If there are two repeated numbers, 1) and 2) still work, but 3) doesn't.
|
|
IP Logged |
|
|
|
-D-
Guest
|
|
Re: CS: Repeated Number solution (in perl)
« Reply #3 on: Jul 27th, 2002, 12:49pm » |
Quote Modify
Remove
|
The answer to this problem is rather simple. You loop through each element in the array. And at every element you search each element beyond that for a matching element. If you detect one then print "match", mark a flag and exit the loop. The only thing you need to keep track of memory wise is the indexes and a boolean field to determine if a match was found or not. At the end of the process if no match was found (indicated by the flag), print that message.
The solution works for multiple repeated numbers if you remove the exit-the-loop requirement but has one downfall. If there were 3 of a number, it would print out a match twice.
This isn't very good since we're just looking for repeats. So, a better solution for this scenario is: Iterate through every element in the array, at each element search every element in the array starting from the FIRST element until a match is found. If a match is found and the index of the match is GREATER than the current iteration index, print out a match message. Without the GREATER construct, this would print out each pair twice or worse if triples existed. The problem still is that if triples existed, the second value would report a match with the third value. So, to resolve this, if the index of the match is LESS than the current index, you abort this iteration.
Lastly, if you wanted to know how many of an element there were, you would just keep a counter for each match, and the end of the inner loop if the counter was > 0, print out the match message and reset it.
The constant memory requirement is almost not a threat. A more interesting problem though would be, how do you do this in better than O(n2) time.
-D-
|
|
IP Logged |
|
|
|
S. Owen
Full Member
Gender:
Posts: 221
|
|
Re: CS: Repeated Number solution (in perl)

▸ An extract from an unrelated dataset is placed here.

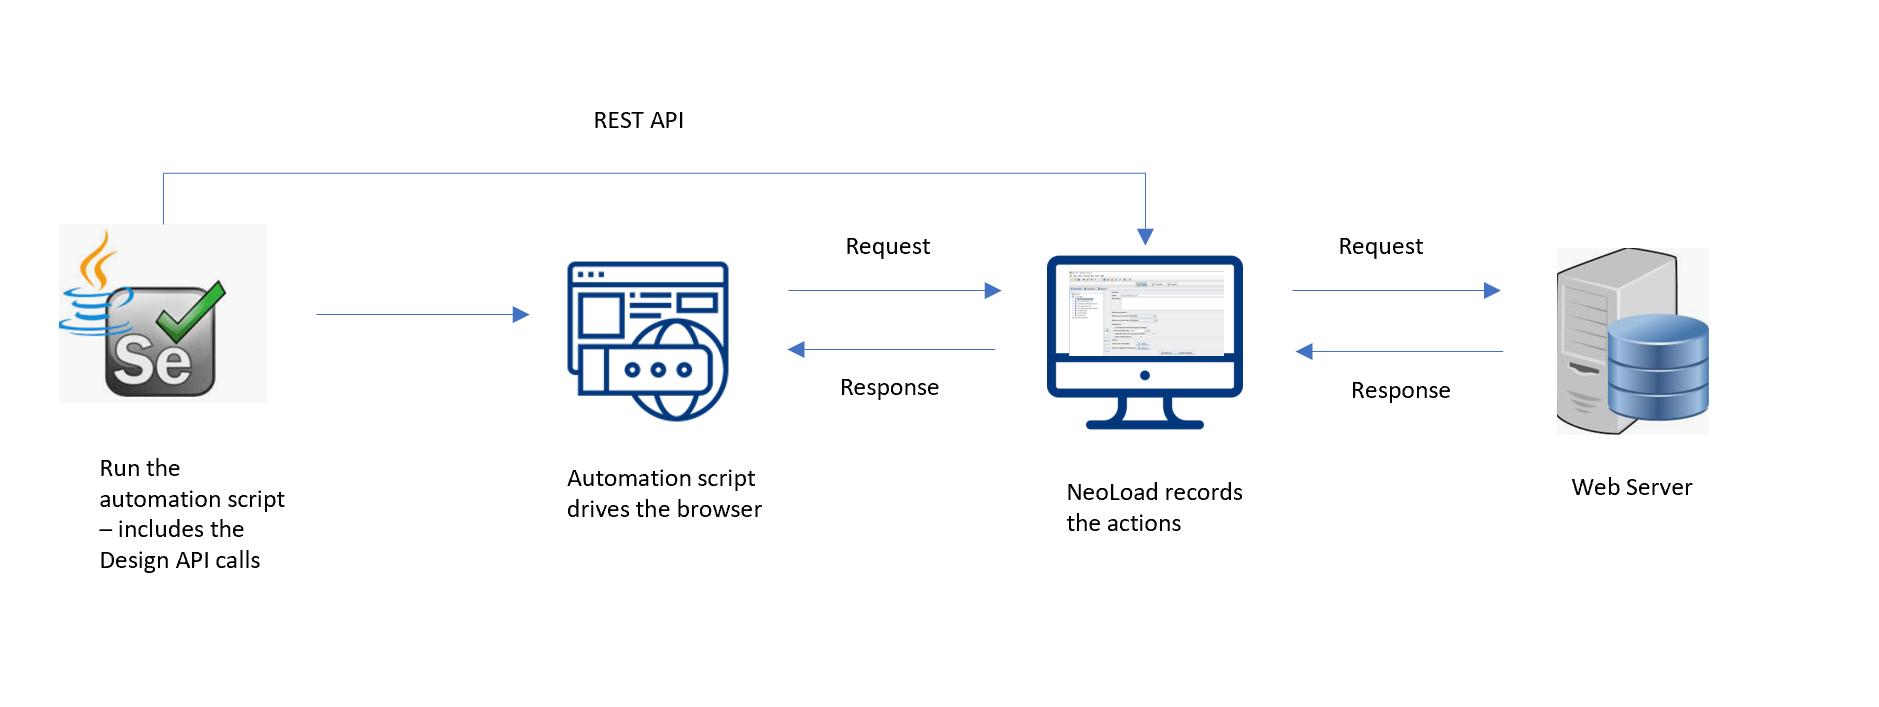 Performance Testing Framework Image

« Reply #4 on: Jul 27th, 2002, 12:57pm » |
Quote Modify
|
See above for faster possibilities. Also, I think the problem is asking about two repeated numbers, not one number repeated twice (a triple).
|
|
IP Logged |
|
|
|
-D-
Guest
|
|
Re: CS: Repeated Number solution (in perl)

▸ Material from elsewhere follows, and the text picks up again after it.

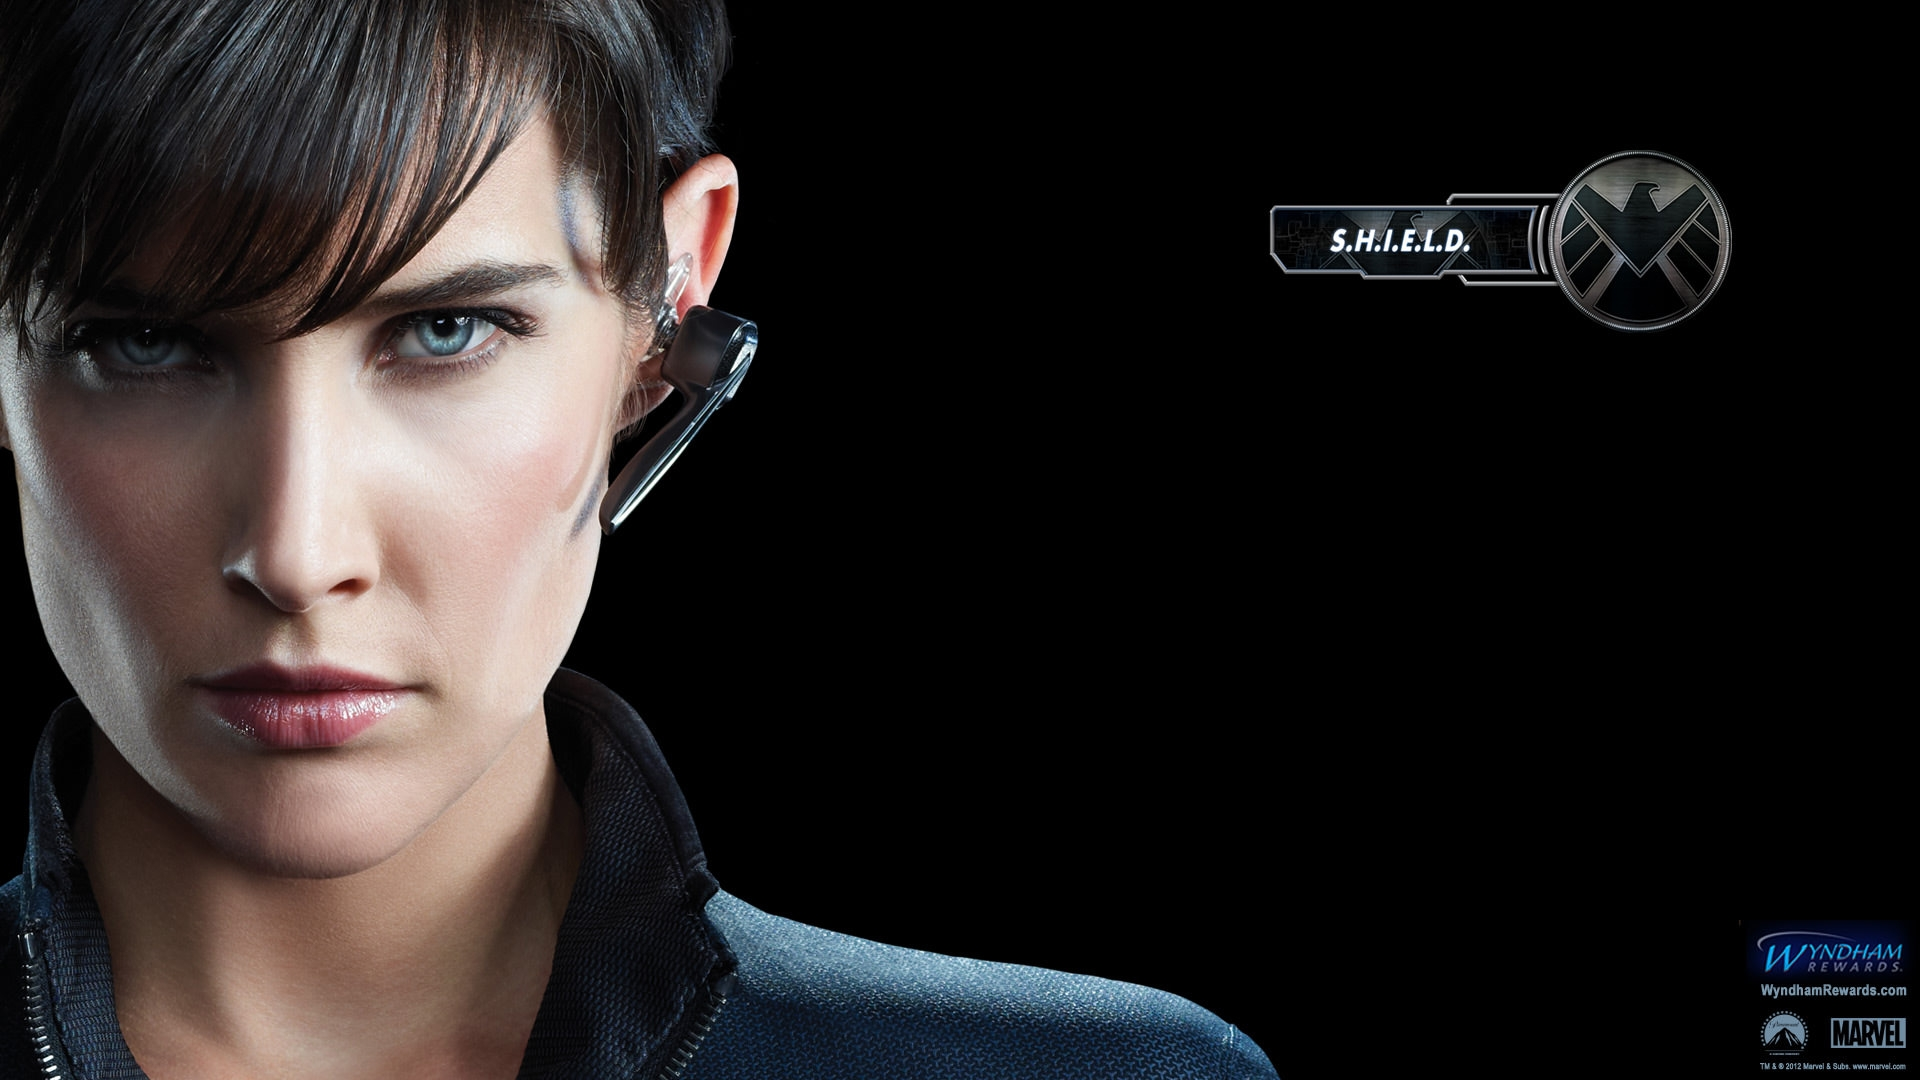 Cobie Smulders Avengers Wallpaper

« Reply #5 on: Jul 27th, 2002, 1:02pm » |
Quote Modify
Remove
|
Ah, I didn't read clearly what you had posted.
My solutions work for any number of repeated numbers repeated any number of times.
I built up from: finding one repeat, finding multiple numbers repeated once, finding multiple numbers repeated multiple times.
You're right to mention that people ought to post how their solutions meet the requirements, the code is trivial compared to the methods.
-D-
|
|
IP Logged |
|
|
|
AJ
Guest
|
|
Re: CS: Repeated Number solution (in perl)
« Reply #6 on: Aug 4th, 2002, 7:35am » |
Quote Modify
Remove
|
The fastest way to solve this would be to use bucket sort. Create an integer array of size n-1 initialized to zero. Start reading the numbers and and increase the value at index = number by one.
Of course this doen't satisfy the "constant memory" requirement, but its O(n) and would work for any number of numbers repeated any number of times 
|
|
IP Logged |
|
|
|
william wu
wu::riddles Administrator
Gender:
Posts: 1291
|
 |
Re: CS: Repeated Number solution (in perl)
« Reply #7 on: Aug 8th, 2002, 8:46pm » |
Quote Modify
|
on Jul 27th, 2002, 12:25pm, srowen wrote:
Also, the problem isn't explicit on the following points which I believe we must assume to make this meaningful:
1) It is a sequence of n numbers
2) The sequence is not necessarily in sorted order
Otherwise the problem is entirely trivial.
|
|
Thanks [srowen]; indeed it wasn't clear at all. It's nice to have such meticulous visitors. I have rephrased it now.
|
|
IP Logged |
[ wu ] : http://wuriddles.com / http://forums.wuriddles.com
|
|
|
zameericle
Newbie
Posts: 8
|
|
Re: CS: Repeated Number solution
« Reply #8 on: Aug 13th, 2002, 2:49am » |
Quote Modify
|
okay.. here's what I have to find multiple repeating numbers (1 or 2)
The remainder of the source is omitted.